Joseph Gwilt (11 January 1784 – 14 September 1863) was an English architect and writer.

He was the son of George Gwilt, architect surveyor to the county of Surrey, and was born at Southwark. George Gwilt the Younger, was his elder brother.

He was educated at St Paul's School, and after a short course of instruction in his father's office was in 1801 admitted a student of the Royal Academy, where in the same year he gained the silver medal for his drawing of the tower and steeple of St Dunstan-in-the-East. In 1811 he published a Treatise on the Equilibrium of Arches, and in 1815 he was elected FSA.

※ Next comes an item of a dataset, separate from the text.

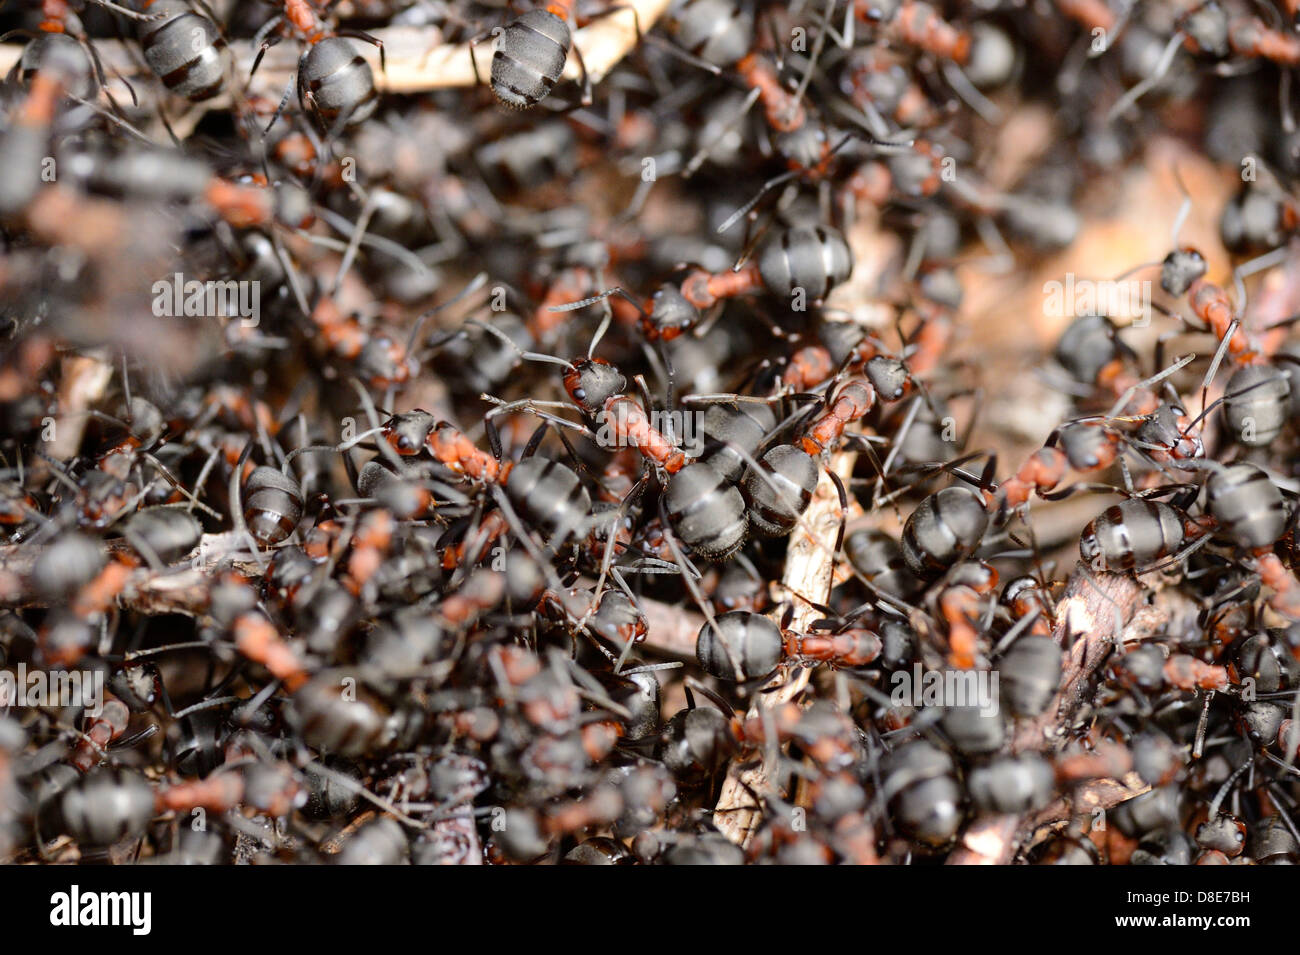 Formica formiche su un formicaio Foto Stock

After a visit to Italy in 1816, he published in 1818 Notitia architectonica italiana, or Concise Notices of the Buildings and Architects of Italy. In 1825 he published an edition of Sir William Chambers's Treatise on Civil Architecture; and among his other principal contributions to the literature of his profession are a translation of the Architecture of Vitruvius (1826), a Treatise on the Rudiments of Architecture, Practical and Theoretical (1826), and his valuable Encyclopaedia of Architecture (1842), which was published with additions by Wyatt Papworth in 1867.

In recognition of Gwilt's advocacy of the importance to architects of a knowledge of mathematics, he was in 1833 elected a member of the Royal Astronomical Society. He took a special interest in philology and music, and was the author of Rudiments of the Anglo-Saxon Tongue (1829), and of the article "Music" in the Encyclopaedia metropolitana.

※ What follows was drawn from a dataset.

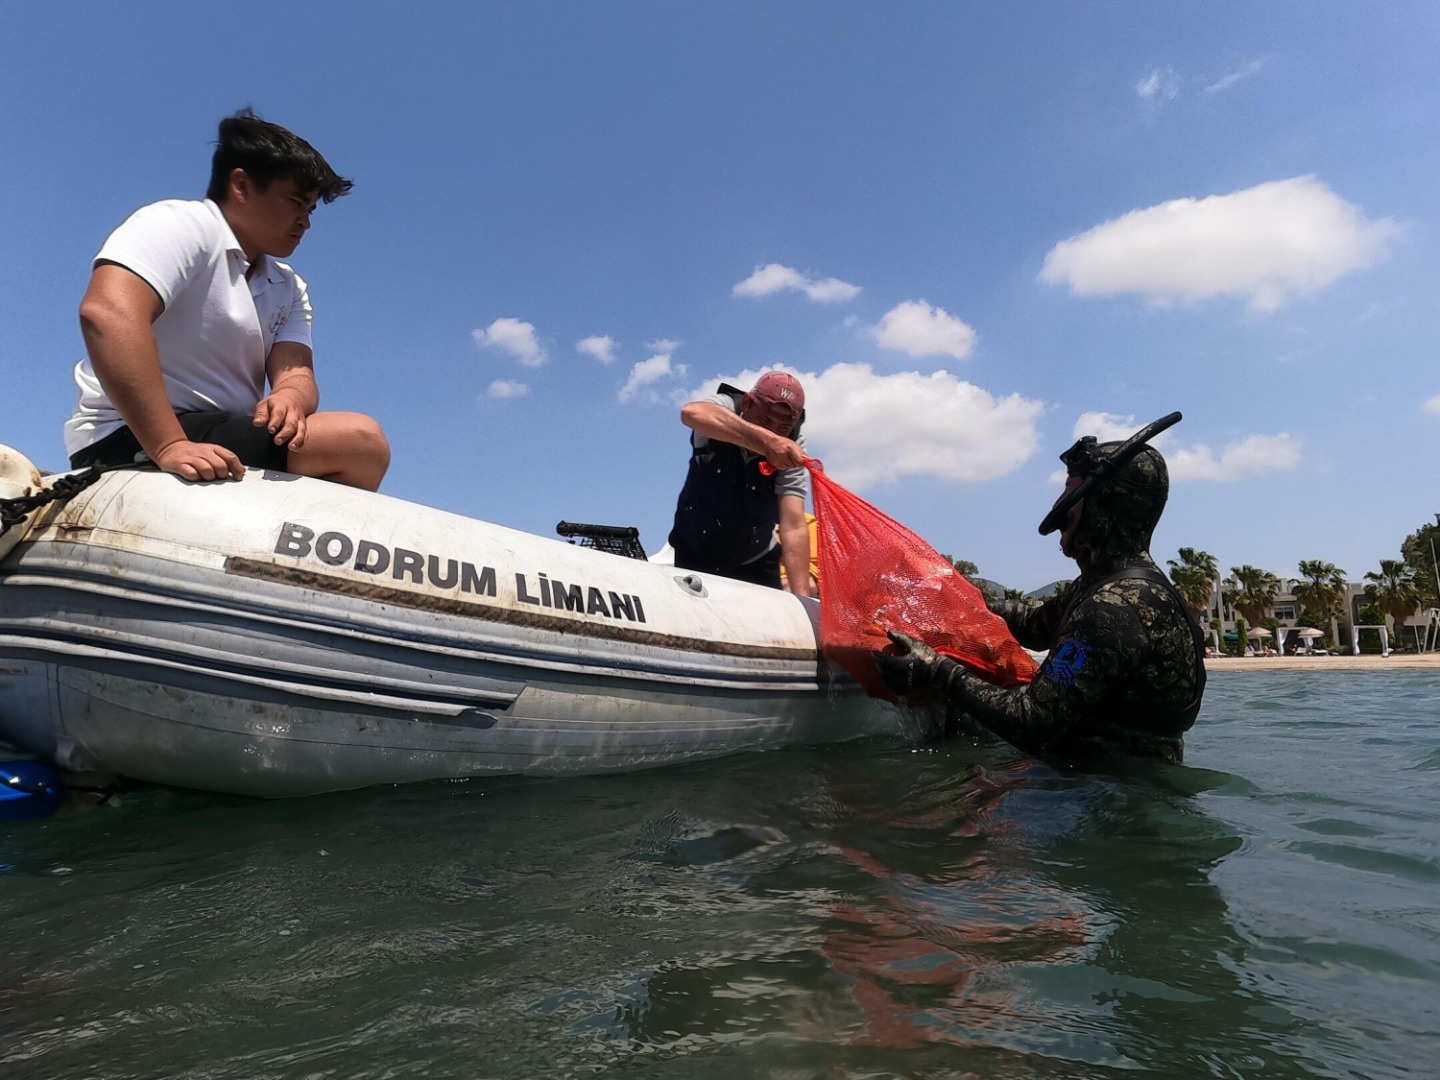 Sahilden geçenler gözlerini alamadı: Denizin dibine daldılar 342 kilo çıkardılar 5

His principal works as a practical architect were Markree Castle near Sligo in Ireland, and St Thomas's Church (1849–1850) at Charlton in Kent (today part of the Royal Borough of Greenwich) and the tower of St Thomas, Clapton Common (1829).

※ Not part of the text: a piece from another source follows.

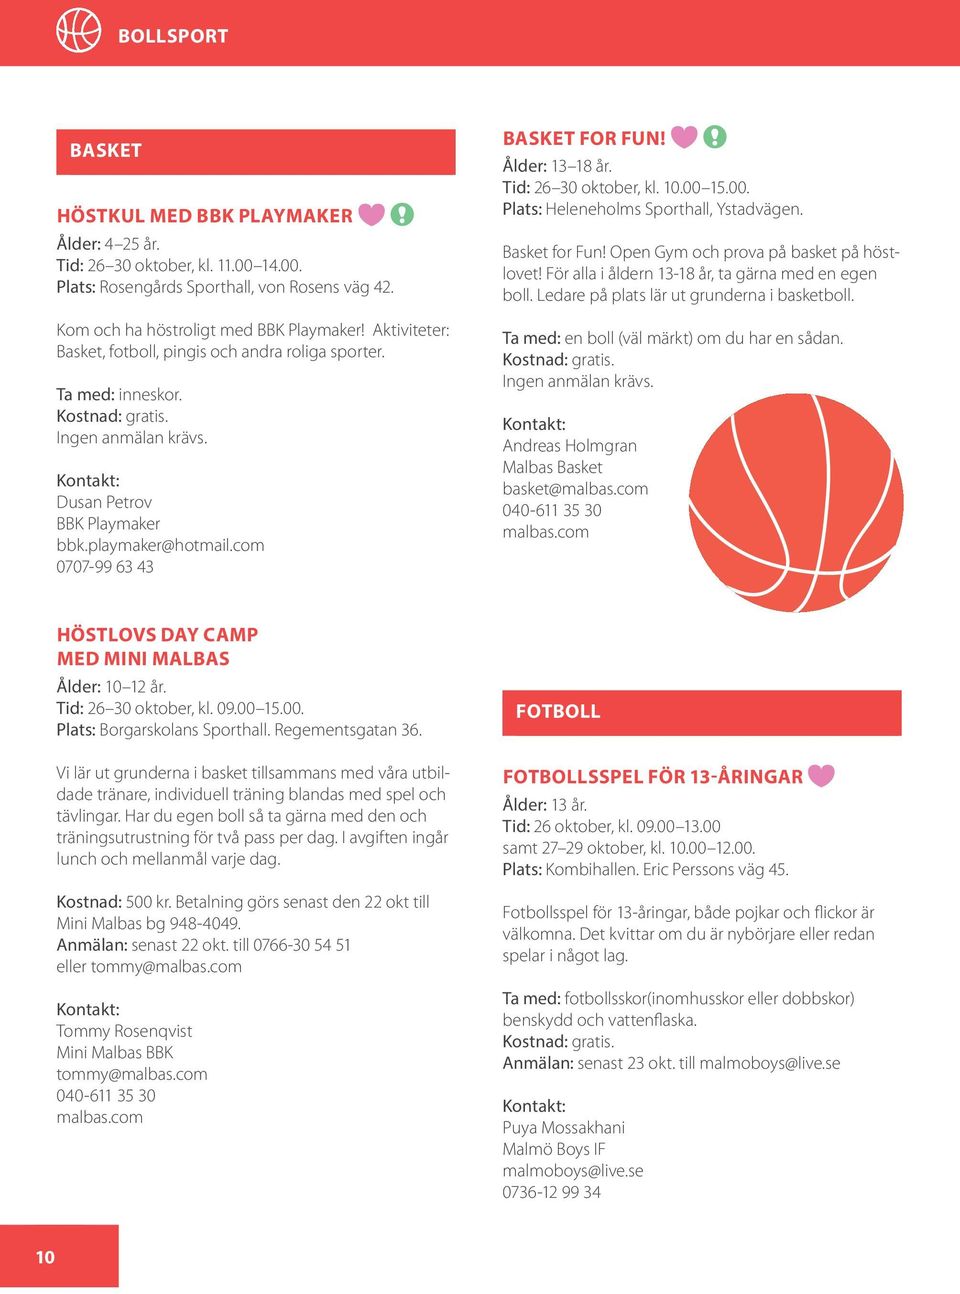 Tid: 26 30 oktober, kl. 10.00 15.00. Plats: Heleneholms Sporthall, Ystadvägen. Basket for Fun! Open Gym och prova på basket på höstlovet! För alla i åldern 13-18 år, ta gärna med en egen boll.

Gwilt was also associated (c. 1813–1830) with a flawed and short-lived attempt to rebuild the mediaeval predecessor of today's St Margaret's Church in Lee. When it became clear that the foundations of the old church were incapable of supporting a new building, a new church was commissioned, from another architect, on land nearby.

A portrait of him is part of the permanent collection at the National Portrait Gallery in London.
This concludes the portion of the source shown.